As find myself Elsewhere, still don’t know what for. Deep pain in the struggle stays a mystery, ever more.
—
(Reference to the phrase, “to move Heaven and earth”)
“I reached into my coat pocket for my headphones, and when I pulled them out, they were wrapped tightly around my chapstick and a honey cough drop – like in that carnival Go-Fishing game.”
“This may be a true statement on many accounts, but I could not have gotten this far without help from supportive people.”
“I did ask for help when…
Nor when…
Nor even when…
But I lift my hands to the sky now and beg: please help my hound go pee!”
—
(Her extreme anxiety from loud repair worker engine machines preventing her…)

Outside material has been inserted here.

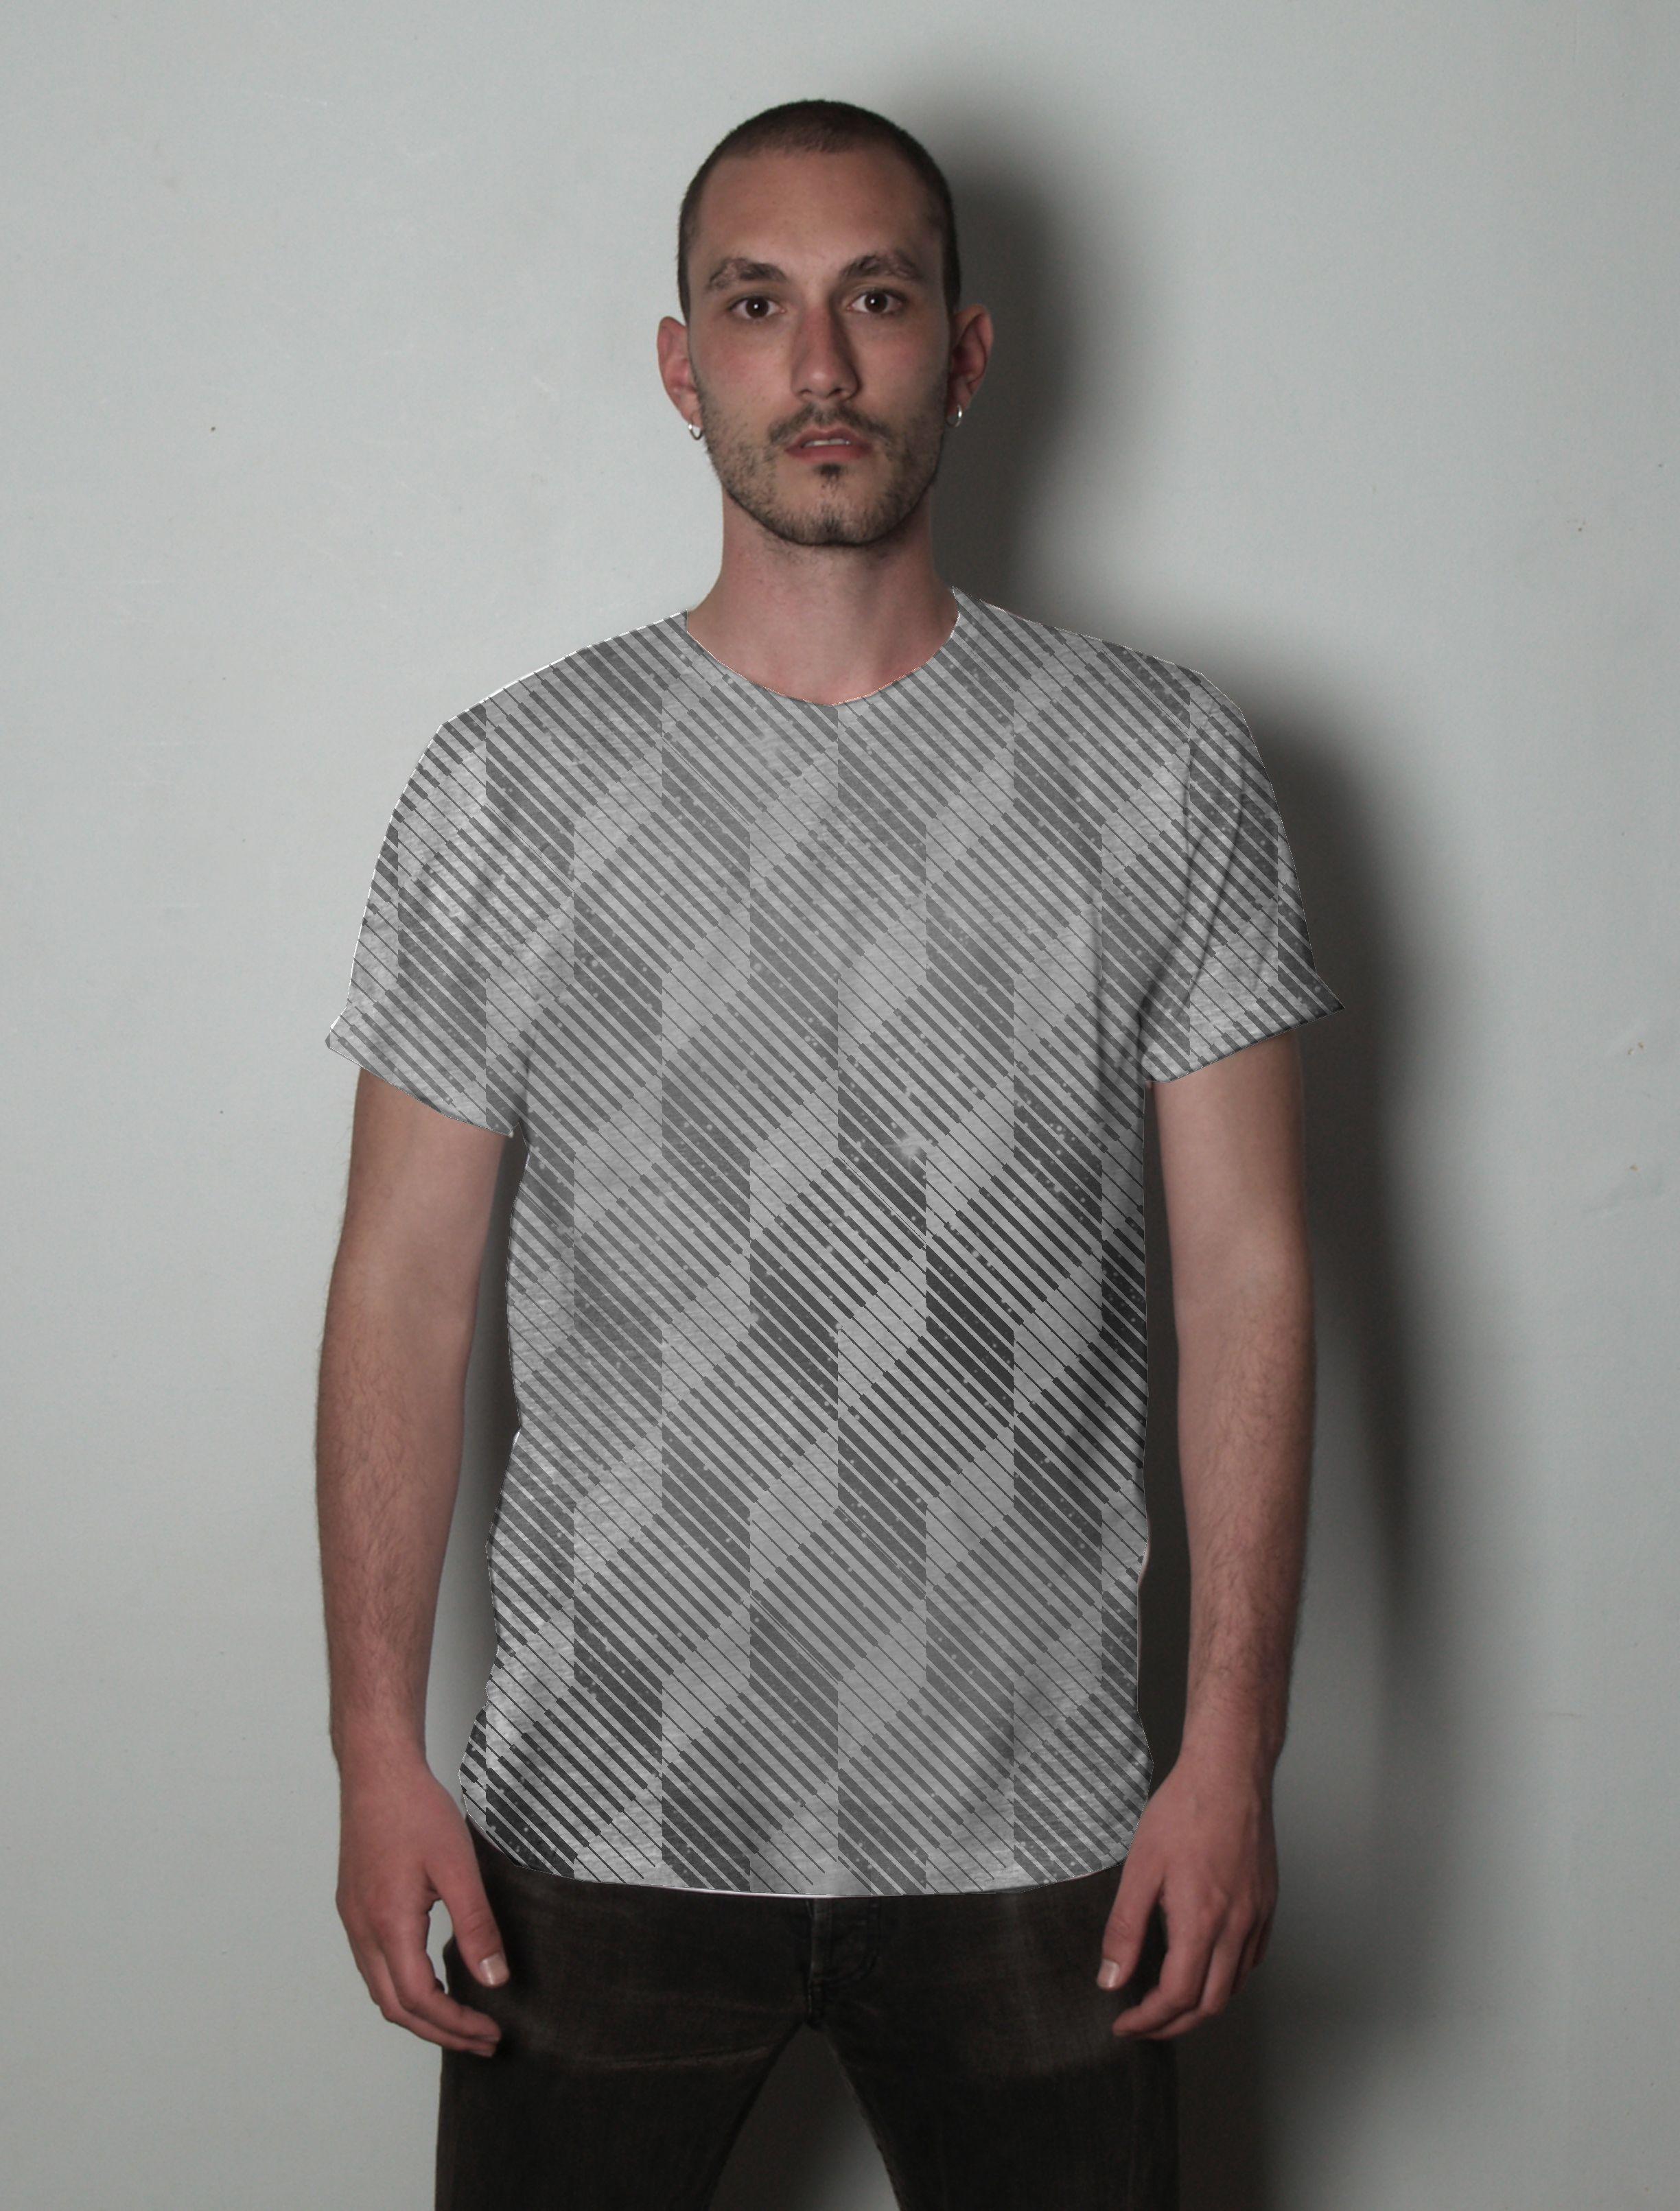 T Shirt Design Ideas Pinterest 25 creative and brilliant t shirt design ideas for your inspiration follow us www Diamond Raw Logo T Shirt Design Idea

“How does ‘Come on’ mean ‘Go over there?!'”
“Walking outside with my dogs, like a surely drunkard who’s been hit by a bus…now where’s my alcohol?!”
“Into circumstances that I would not have chosen for my self.”
“The untrained and too-strong dogs pulled my joints into beyond-tolerance strain-torsions – thereby destroying my plans of attending to moving droves of plants and furniture.
And I realized upon first entering and encountering the same behaviors and pee mess as I lost my reserve and became semi-hysterical-flustered trying to figure out how to use the harnesses I’d never seen before while fresh pee on the floor was occurring…
I am just too fec-king burnt out to be helping with this situation right now – especially when my own paradigm is still torn and tatter-shattered.”
“An uncovered remaining container of still fresh gluten-free blueberry muffins.”
Tracking and analyzing resources and patterns at distance to determine best efficiencies for recovery.”
“in my car, ankles swelling, managing things on my phone, as if I do not have housing.”
“I am not going to eat that uncertain number of days-old hard boiled egg, despite the fact that it is cold as if it has stayed refrigerated and emits an innocent lure temptation.”